The international community provides ex-post relief, which can take between 4 and 12 months to mobilize. Government borrowing and budget reallocations also take time.

CCRIF members consistently indicate that these rapid payments are an invaluable benefit of membership. Almost immediately after an event, CCRIF is able to inform countries if policies were triggered and if so, the approximate payment amount. These infusions of cash within two weeks after an event are critical for immediate repair and recovery activities.


Between 2007 – when CCRIF was formed – and 2016, the facility made 22 payments to 10 member governments, totalling approximately US$69 million, on their tropical cyclone, earthquake and/or excess rainfall insurance policies.

These new payments following Irma bring the total payments to almost US$100 million.
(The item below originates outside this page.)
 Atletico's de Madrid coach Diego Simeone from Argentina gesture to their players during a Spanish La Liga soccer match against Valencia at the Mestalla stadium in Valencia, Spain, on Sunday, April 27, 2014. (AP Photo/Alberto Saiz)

Four of the countries receiving payments under their TC policies following Irma – Anguilla, St. Kitts & Nevis, TCI and Haiti – have received CCRIF payments in the past. This payment would be Anguilla’s 3rd and the 2nd for both St. Kitts and TCI.

In fact in 2008, one year after CCRIF was formed, TCI received a US$6.3 million payment following the impacts of Hurricane Ike and in 2010, Anguilla received a payment of US$4.2 million for Hurricane Earl; St. Kitts received its first payment in 2014 of a little over US$1 million under its excess rainfall policy following a trough system that passed over the island; in 2016 Haiti received CCRIF’s largest single payment to date, US$20.4 million, under its tropical cyclone policy for Hurricane Matthew and also received a payment of approximately US$3 million under its excess rainfall policy. Haiti has received 3 payments from CCRIF since its inception – excluding this current payout under the ADC.
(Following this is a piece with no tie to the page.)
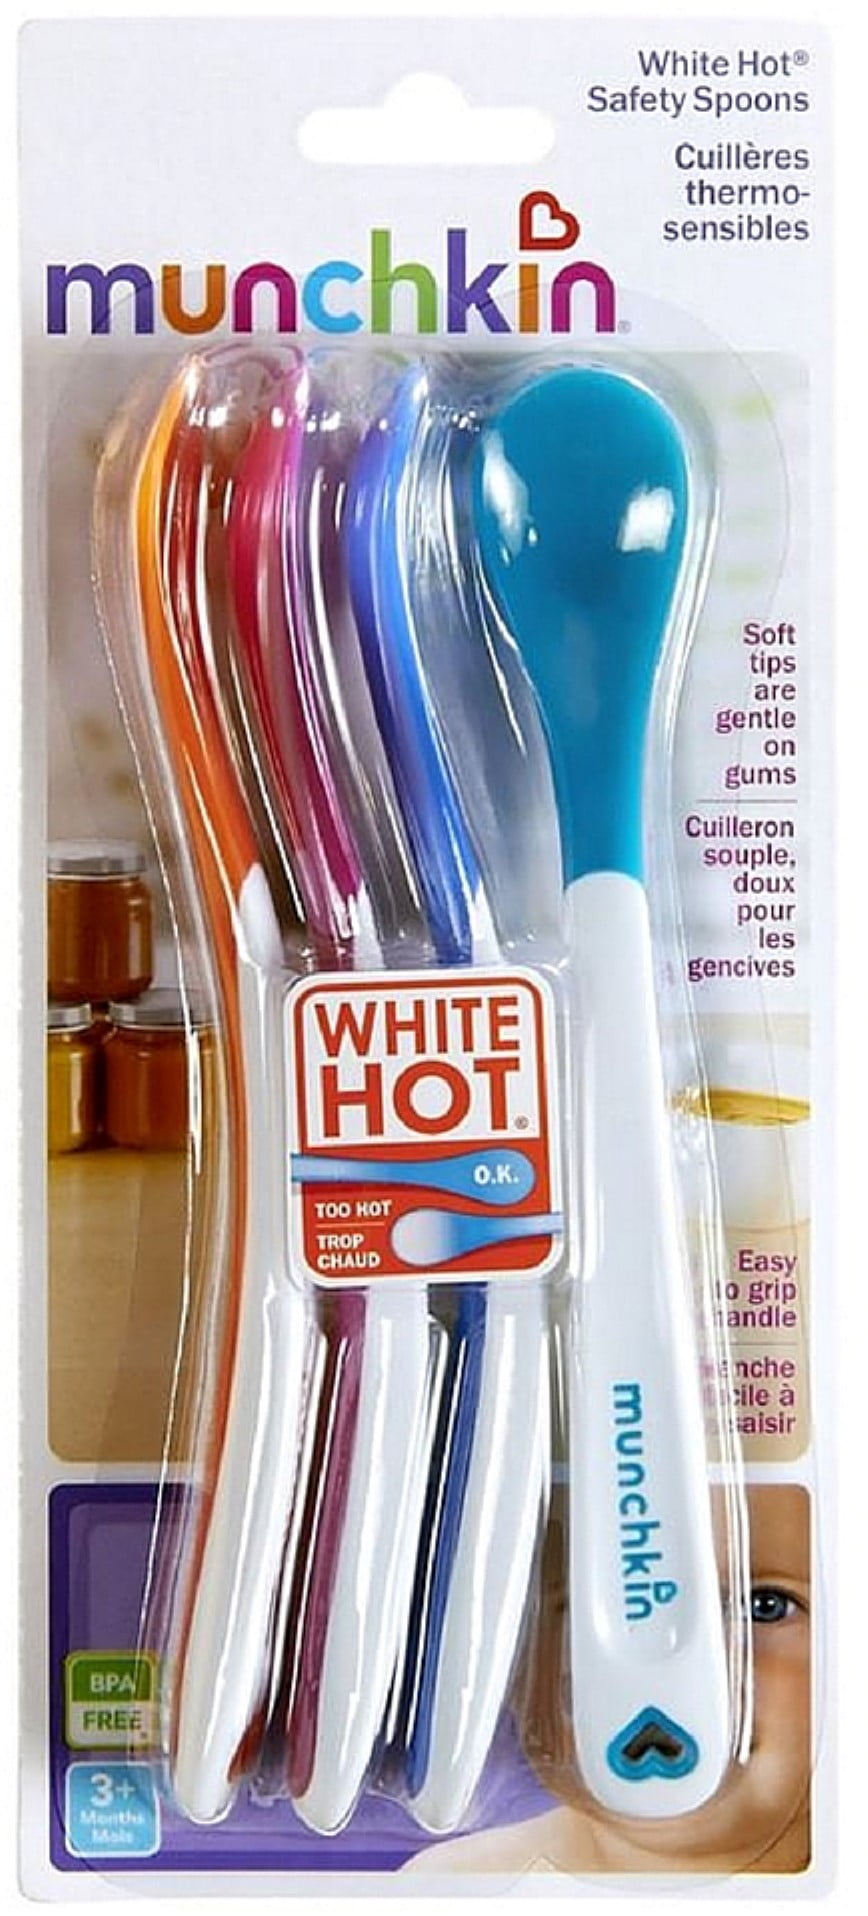 Munchkin White Hot Safety Spoons, Assorted Colors 4 Each - (Pack of 4)

Governments that have received CCRIF payments have used them in a variety of ways to assist with post-disaster relief including: clean-up such as clearing of debris and fallen trees that oftentimes block critical roadways, repairing critical infrastructure, e.g. roads and bridges; providing general budget support including covering the salaries of key emergency personnel.

For example, following the passage of Hurricane Matthew in 2016, the Government of Haiti reported that it was able to help 1.4 million persons affected by the devastating hurricane with about 50% of the CCRIF payment which totalled US$23.4 million. Some of the uses of the funds included: provision of food and shelter; purchase of medication especially for children; unblocking of main roads and the purchase of tarpaulins for over 18,000 houses in the south of the island.

Smaller countries such as those in the Caribbean and most small island developing states with high debt burdens can no longer afford to self-finance disaster risk. Ex-ante financing/pre-disaster financing instruments, such as those offered by CCRIF, are a key part of countries’ fiscal policy and disaster risk management policies – enabling governments to advance debt sustainability by reducing public debt and sources of macroeconomic instability by obtaining quick financing for rehabilitation after a disaster.